Return all of the data verbatim, dropping any picture.

### SOURCE MATERIAL
▬▬▬

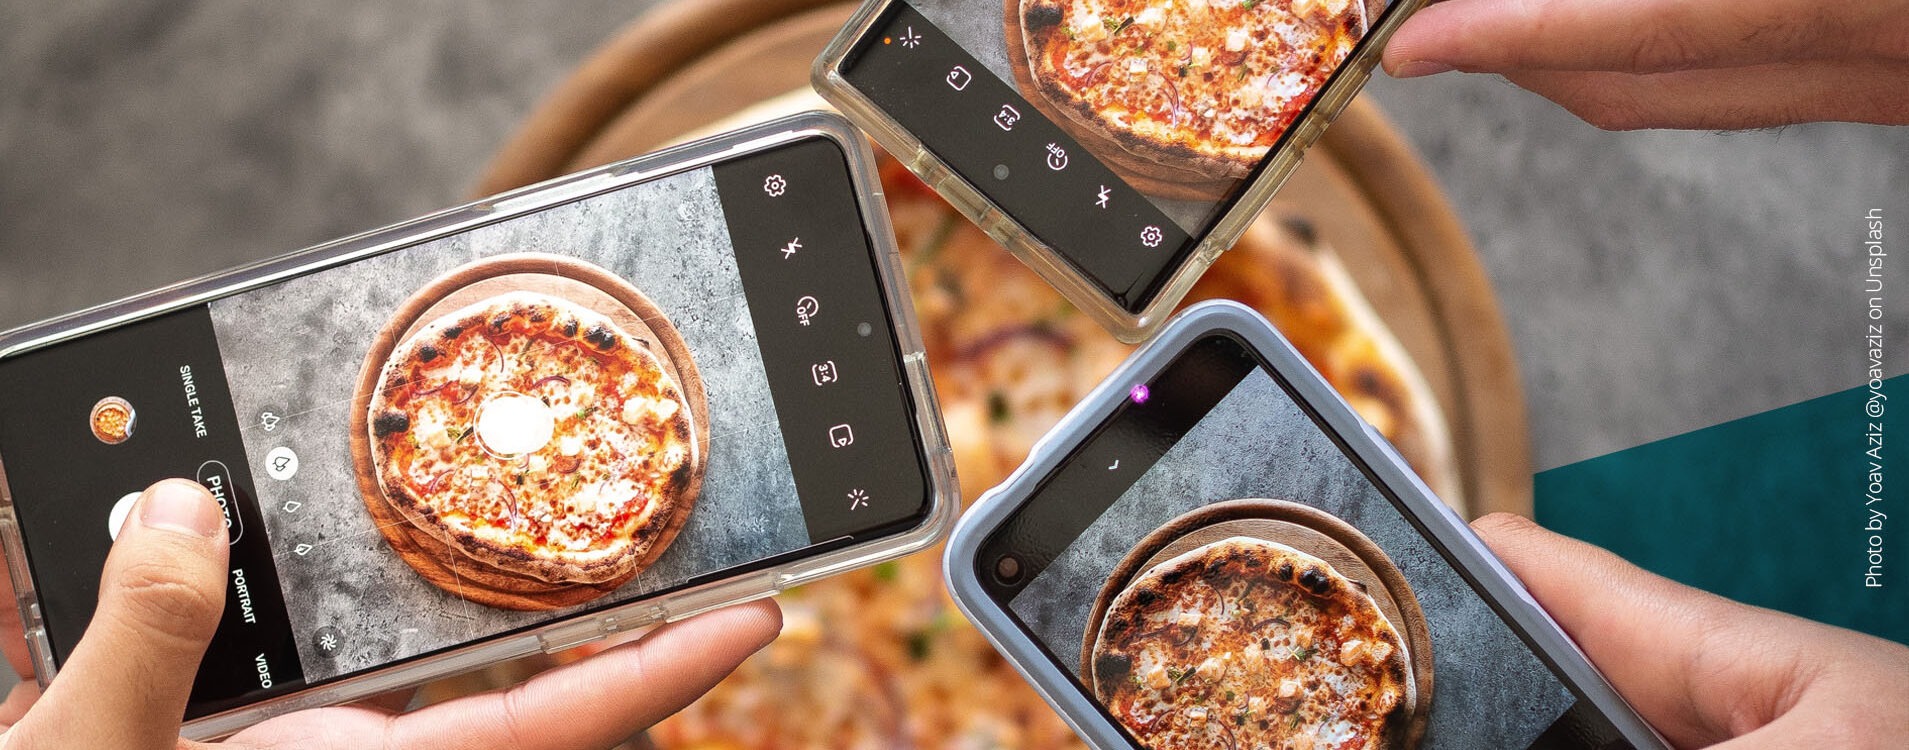 Drei Handys von oben, die ein Bild von einer Pizza machen
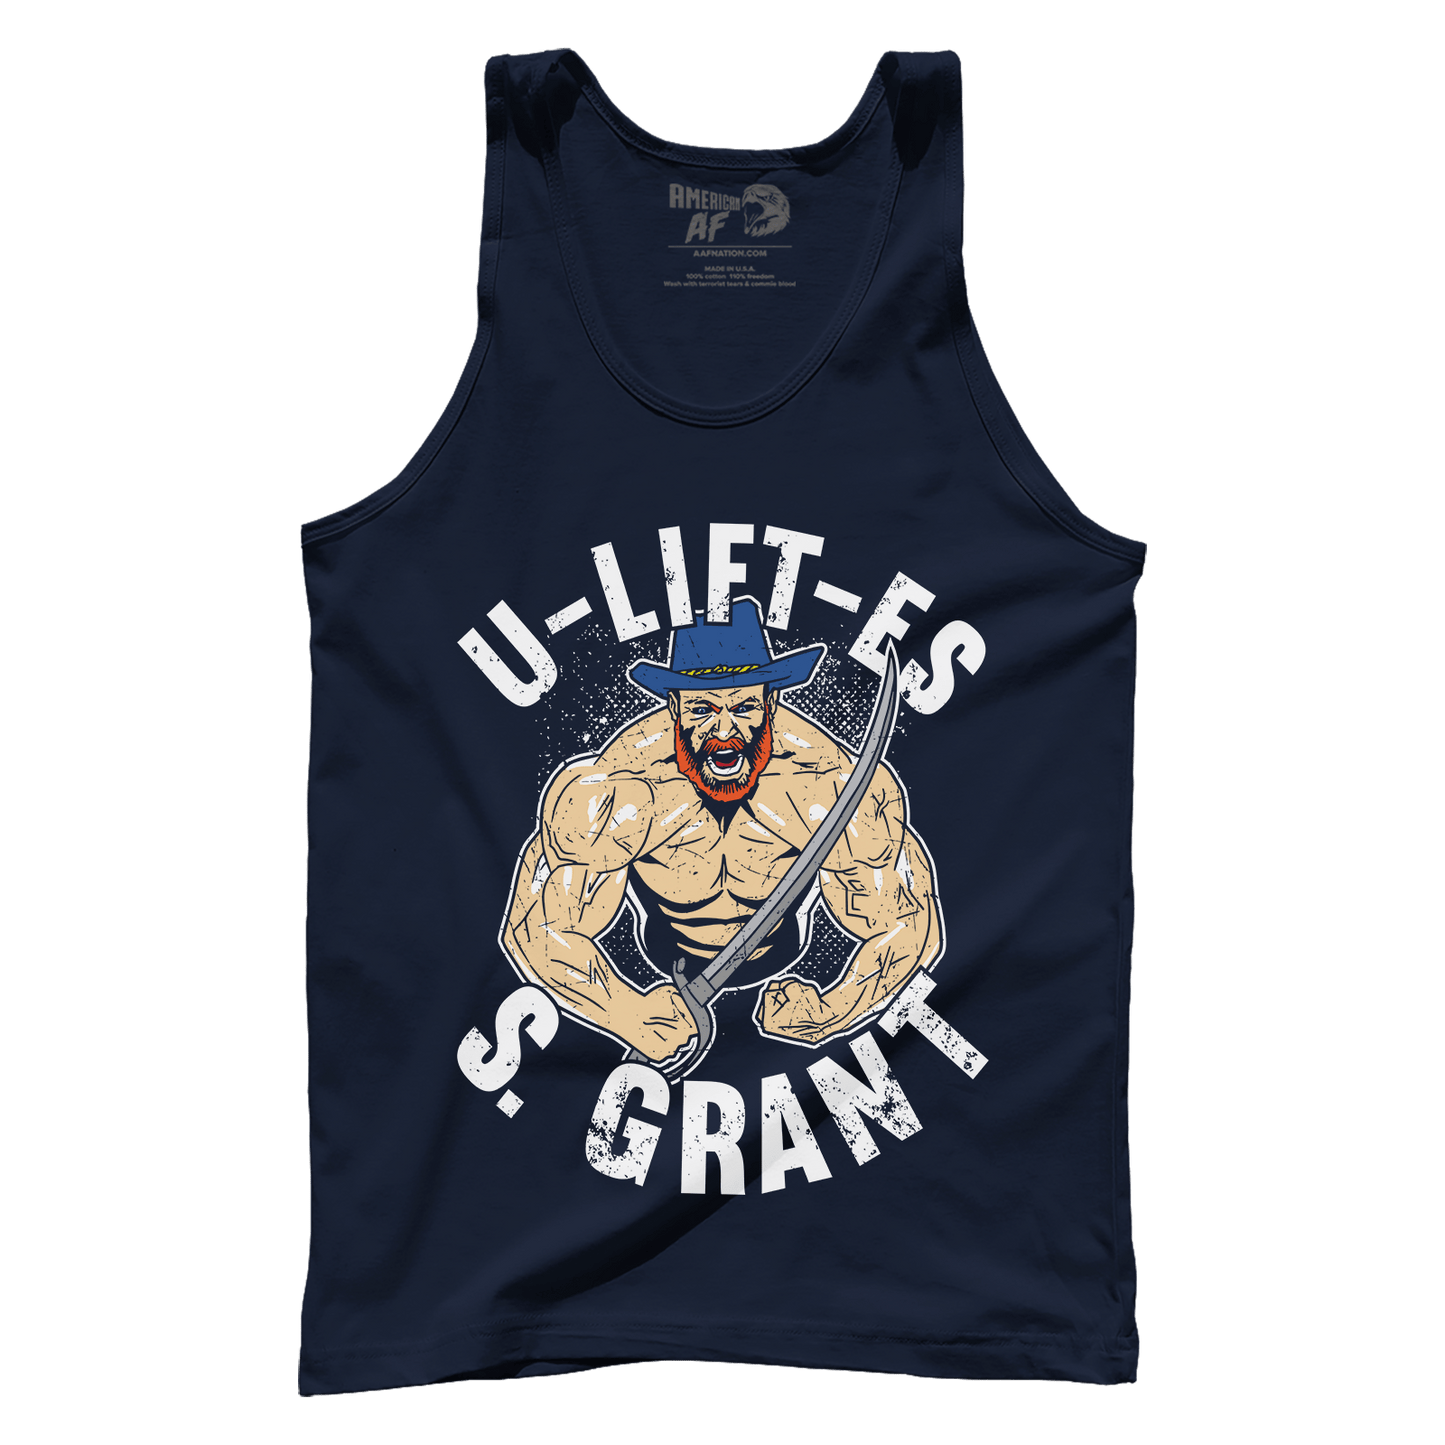 T-shirt Uliftes S. Grant
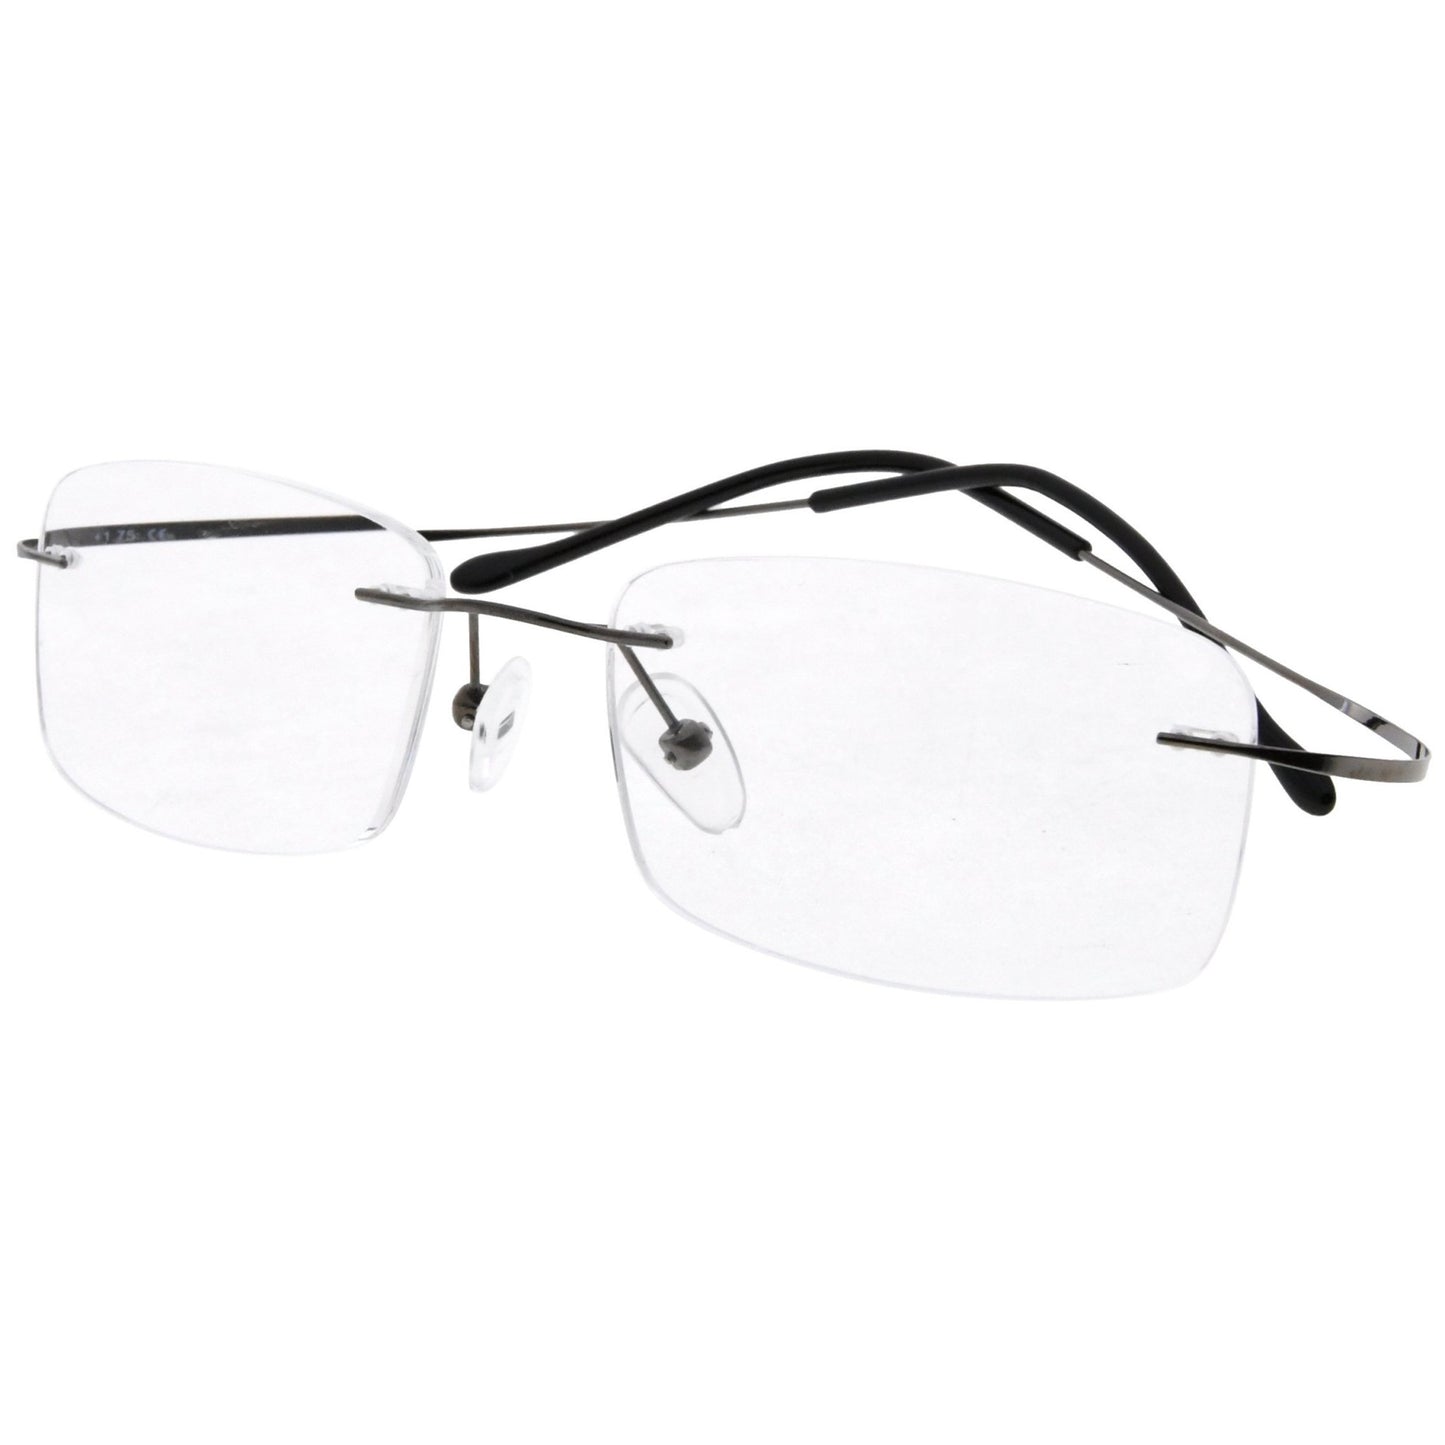 Titanium Rimless Reading Glasses Readers R1508

▬▬▬

### RESPONSE FOR THIS EXERCISE
 Drei Handys von oben, die ein Bild von einer Pizza machen
 T-shirt Uliftes S. Grant
 Titanium Rimless Reading Glasses Readers R1508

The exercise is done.